Posts posted by Monty Linden

  1. 1 hour ago, Henri Beauchamp said:

    In fact, I could verify today that this scenario cannot happen at all in SL. I instrumented my viewer code with better DEBUG messages and a timer for event poll requests.

    You might be monitoring at the wrong level.  Try llcorehttp or wireshark/tcpdump as a second opinion.  The simulator will not keep an event-get request alive longer than 30s.  If you find it is, it is either retries masking the timeout or yet more simulator bugs.  Or both.  There are always simulator bugs.

    (Side note:  once 'Agent Communication' is established, events queue regardless of whether or not an event-get is active.  Up to a high-water level.  So it is not required that an event-get be kept active constantly.  It is required that no more than one be active per region - this is not documented well.)

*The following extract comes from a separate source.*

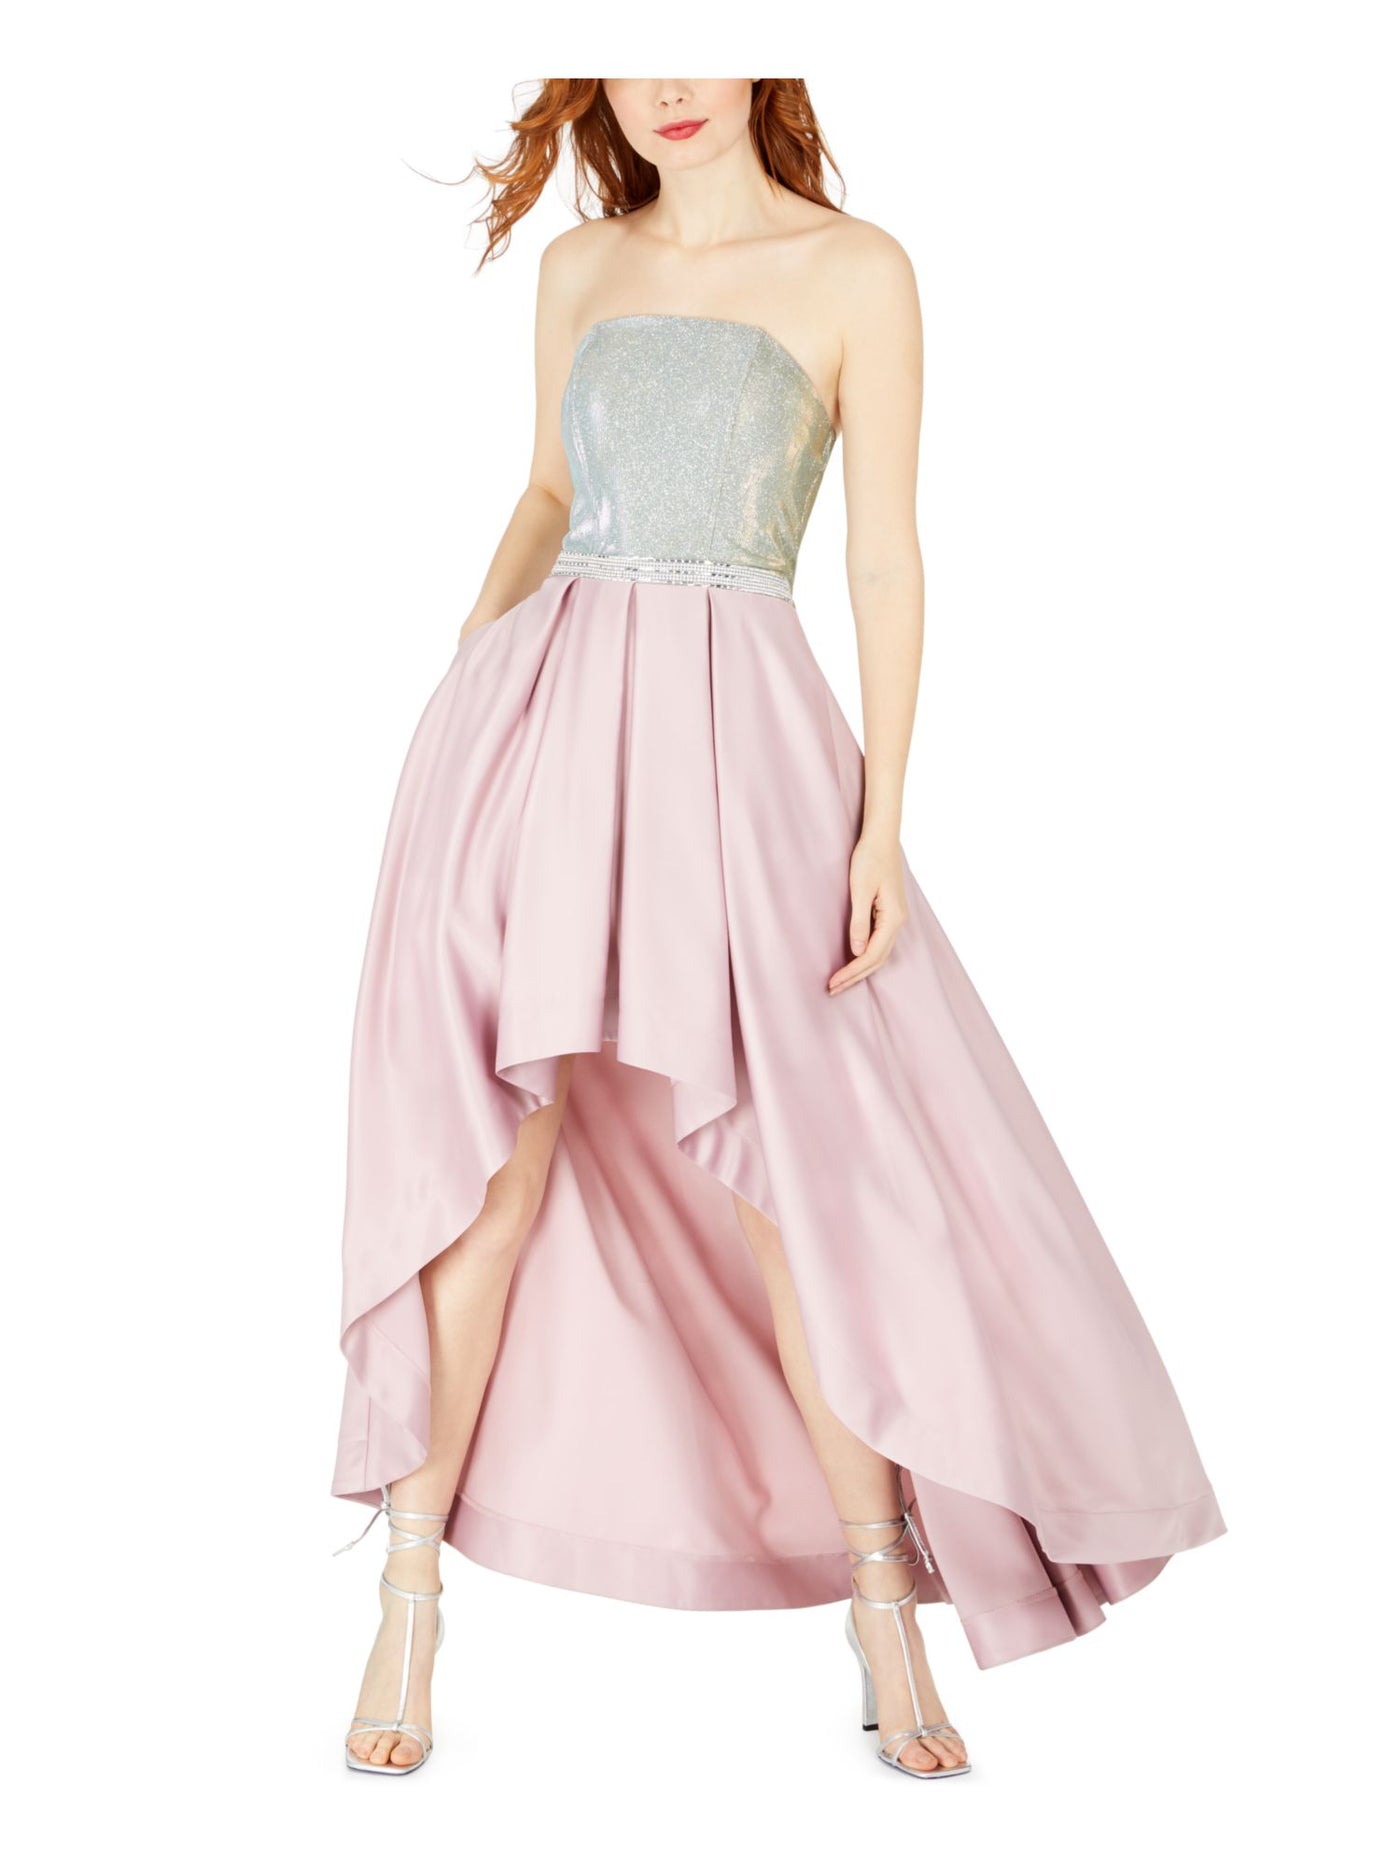 SPEECHLESS Womens Pink Rhinestone Patterned Sleeveless Strapless Full-Length  Hi-Lo Prom Dress Juniors 5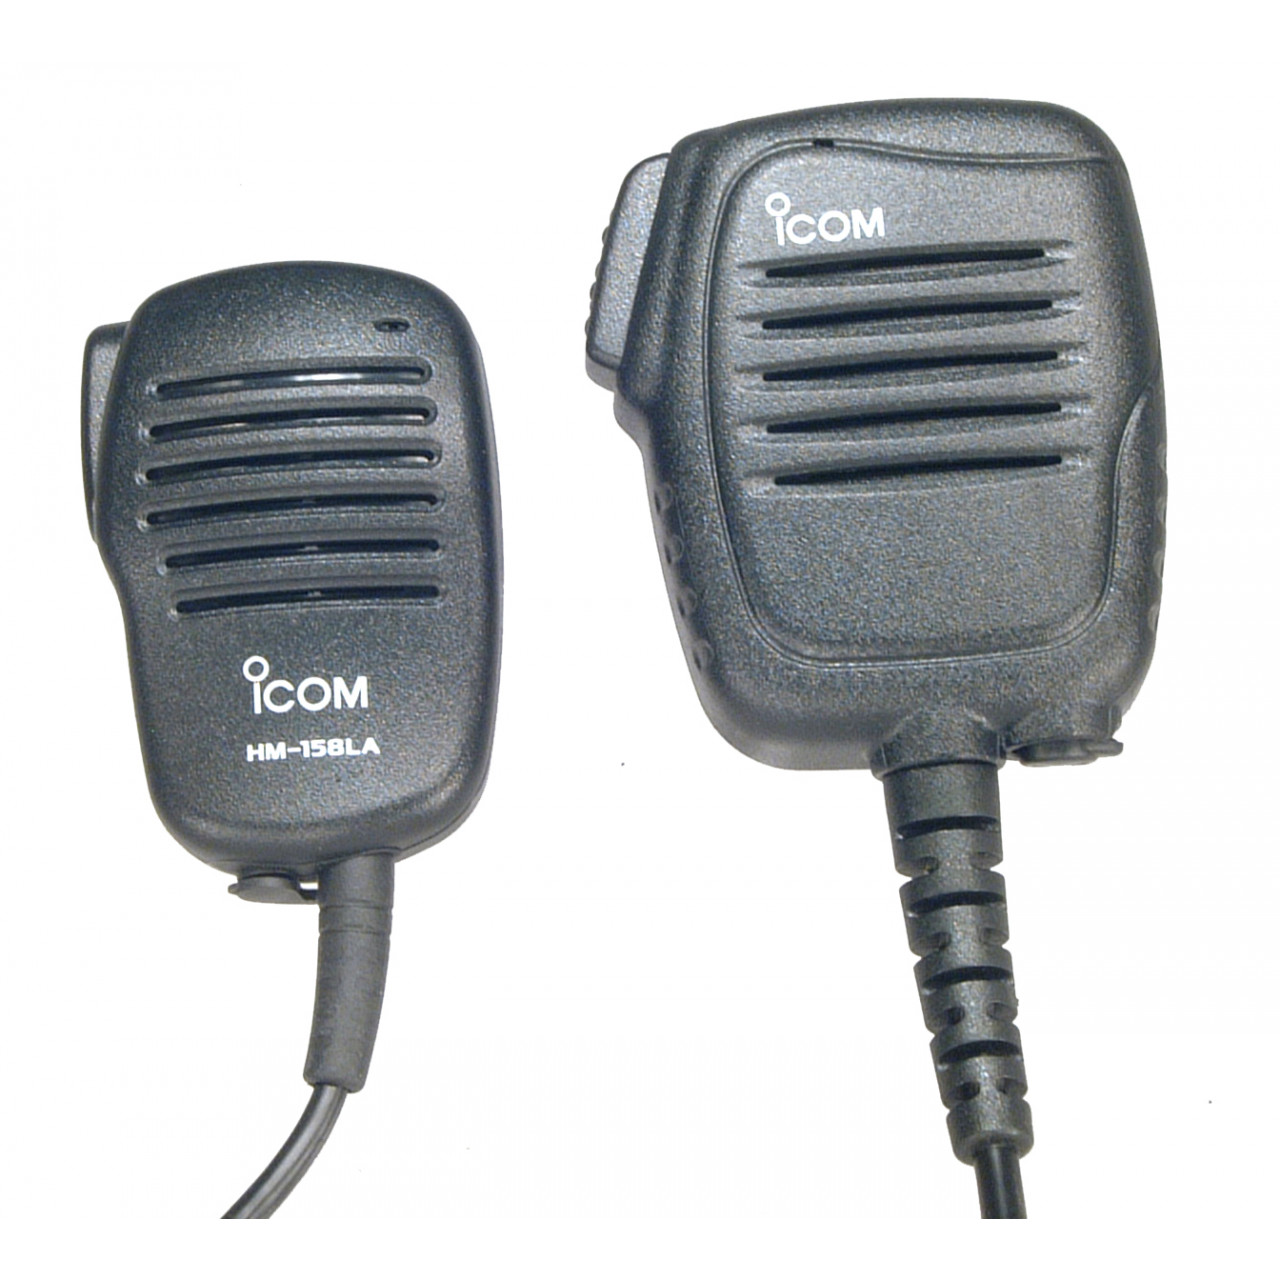 HM-159LA Microphones - ICOM

  2. 27 minutes ago, Henri Beauchamp said:

    All the TP failure modes I get happen before event polls are even started: the UDP message from the arrival sim just never gets to the viewer, so the latter is ”left in the blue” and ends up timing out on the departure sim as well..

    There are several failure scenarios including one where the TeleportFinish message is queued but the simulator refuses to send it for reasons unknown yet.  A more elaborate scenario is this:

    • [Viewer]  Request timeout fires.  Begins to commit to connection tear down.
    • [Sim]  Outside of Viewer's 'light cone', queues TeleportFinish for delivery, commits to writing events to outstanding request.
    • [Sim]  Having prepared content for outstanding request, declares events delivered and clears queue.
    • [Apache]  Adds more delay and reordering between Sim and Viewer because that's what apache does.
    • [Viewer]  Having committed to tear down, abandons request dropping connection and any TeleportFinish event, re-issues request.
    • [Viewer]  Never sees TeleportFinish, stalls, then disconnects from Sim.
  3. 53 minutes ago, Henri Beauchamp said:

    Yes, it is indeed as bad as it looks... This said, my modified code performs just fine in both SL and OpenSim now, and the failed TP issues still seen are not related with event polls anyway (event polls are simply retried on timeouts).

    Well....  you don't really know that unless what you've received matches what was intended to be sent.  And it turns out, they don't necessarily match and retries are part of the problem.  I already know event-get is one mode of TP/RC failure. 

    • Thanks 1
  4. On 9/10/2023 at 12:43 AM, animats said:

    As in RSS? Right, there it's interpreted as "I've seen and processed everything through #117, send me anything from #118 and later."

    No, simpler, as in HTTP.  To support very basic 'If-Match'/'If-None-Match' tests.  The one special case is where the simulator side resets and this may need to be acted upon. 

    On 9/10/2023 at 12:43 AM, animats said:

    Incidentally, on a timed out event poll, SL does not send the documented 502 status; it just closes the connection. (The Other Simulator does send a 502). Timeout occurs around 58 seconds on both SL and the Other Simulator.

    This keeps getting worse the more I look.  So *both* viewer and simulator implement a 30-second timeout on these requests.  A guaranteed race condition.  Simulator's spans a different part of the request lifecycle than does the viewer's curl timeout.  More variability.  Simulator can send at least three different responses related to its timeout actions:

    • A 200 status with empty body and no content-type header
    • A 200 status with llsd content-type and a body of:  '<llsd><undef /></llsd>'
    • A 499 status with html content-type and a body I haven't looked at but it's about 400 bytes.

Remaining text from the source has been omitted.